None of the columns are dropped as all columns are required.
All the columns are numeric columns.
There are no alphanumeric columns.
For regression only numeric data is needed.
Thus in this case we do not need to convert any data or drop any columns.
Missing Data
Checking missing data in the columns.
This is an important step in predictive analytics.

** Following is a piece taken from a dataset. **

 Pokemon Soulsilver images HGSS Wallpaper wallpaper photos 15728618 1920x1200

lapply(dfrModel, FUN=detect_na)
## $Pregnancies
## [1] 0
##
## $Glucose
## [1] 0
##
## $BloodPressure
## [1] 0
##
## $SkinThickness
## [1] 0
##
## $Insulin
## [1] 0
##
## $BMI
## [1] 0
##
## $DiabetesPedigreeFunction
## [1] 0
##
## $Age
## [1] 0
##
## $Outcome
## [1] 0
Observation
There is no missing data in any of the columns.
Impute Data
There is no need to impute data as there are no missing values.
There are 0s in the various columns of the data.

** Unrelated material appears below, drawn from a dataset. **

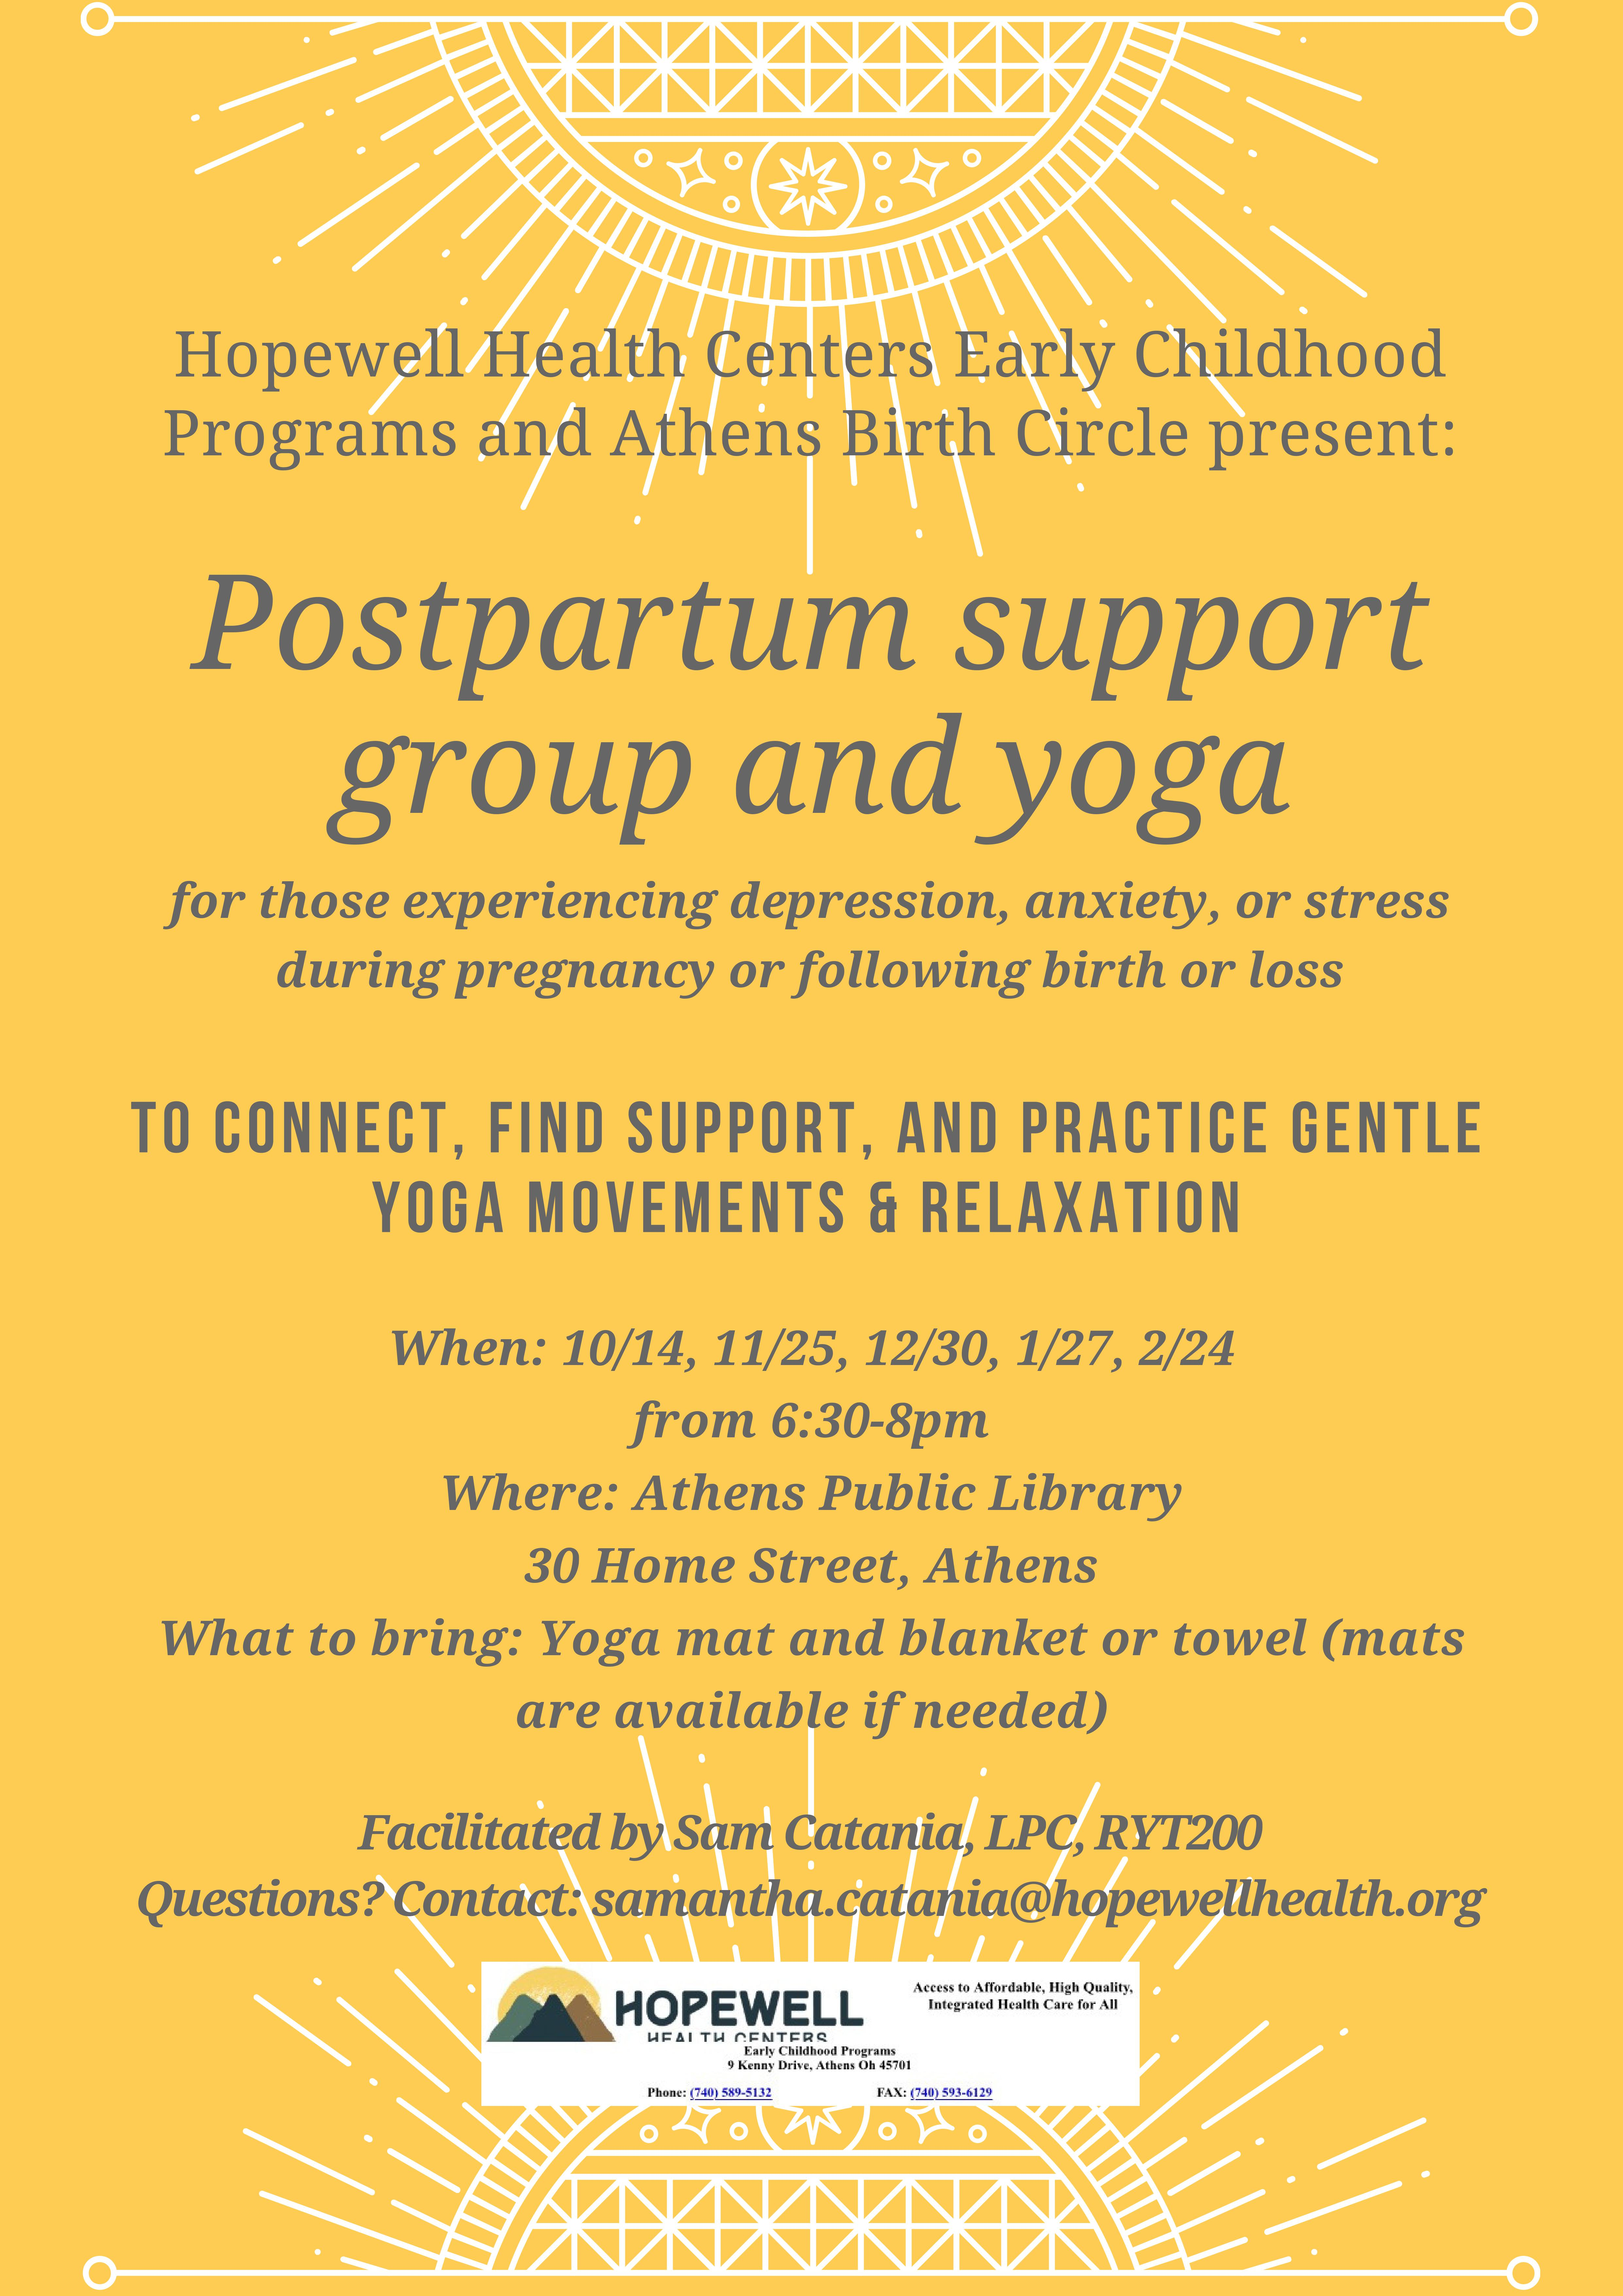 Post partum support group flier

However we will work with these 0s in this model.
Outliers Data
Detecting outliers in the columns of the data.
lapply(dfrModel, FUN=detect_outliers)
## $Pregnancies
## integer(0)
##
## $Glucose
## integer(0)
##
## $BloodPressure
## [1] 0 0 0 0 0 0 122 0 0 0 0 0 0 0 0 0 0
## [18] 0 0 0 0 0 0 0 0 0 0 0 0 0 0 0 0 0
##
## $SkinThickness
## integer(0)
##
## $Insulin
## [1] 543 846 495 485 495 478 744 680 545 465 579 474 480 600 540 480
##
## $BMI
## [1] 0.0 0.0 0.0 0.0 0.0 67.1 0.0 0.0 0.0 0.0 0.0
##
## $DiabetesPedigreeFunction
## [1] 2.288 1.893 1.781 2.329 2.137 1.731 2.420 1.699 1.698
##
## $Age
## [1] 81
##
## $Outcome
## integer(0)
Outliers Graph
Plotting outliers on the graph.
plotgraph <- function(inp, na.rm=TRUE) {
mpgPlot <- ggplot(dfrModel, aes(x="", y=inp)) +
geom_boxplot(aes(fill=inp), color="blue") +
labs(title="Outliers for Data")
mpgPlot
}
lapply(dfrModel, FUN=plotgraph)
## $Pregnancies
##
## $Glucose
##
## $BloodPressure
##
## $SkinThickness
##
## $Insulin
##
## $BMI
##
## $DiabetesPedigreeFunction
##
## $Age
##
## $Outcome
Observation
With respect to this model:
- Outliers present in many features.
- But Outlier count is low.
- For this model we will work with the outliers.
Correlation
vctCorr = numeric(0)
for (i in names(dfrModel)){
cor.result <- cor(as.numeric(dfrModel$Outcome), as.numeric(dfrModel[,i]))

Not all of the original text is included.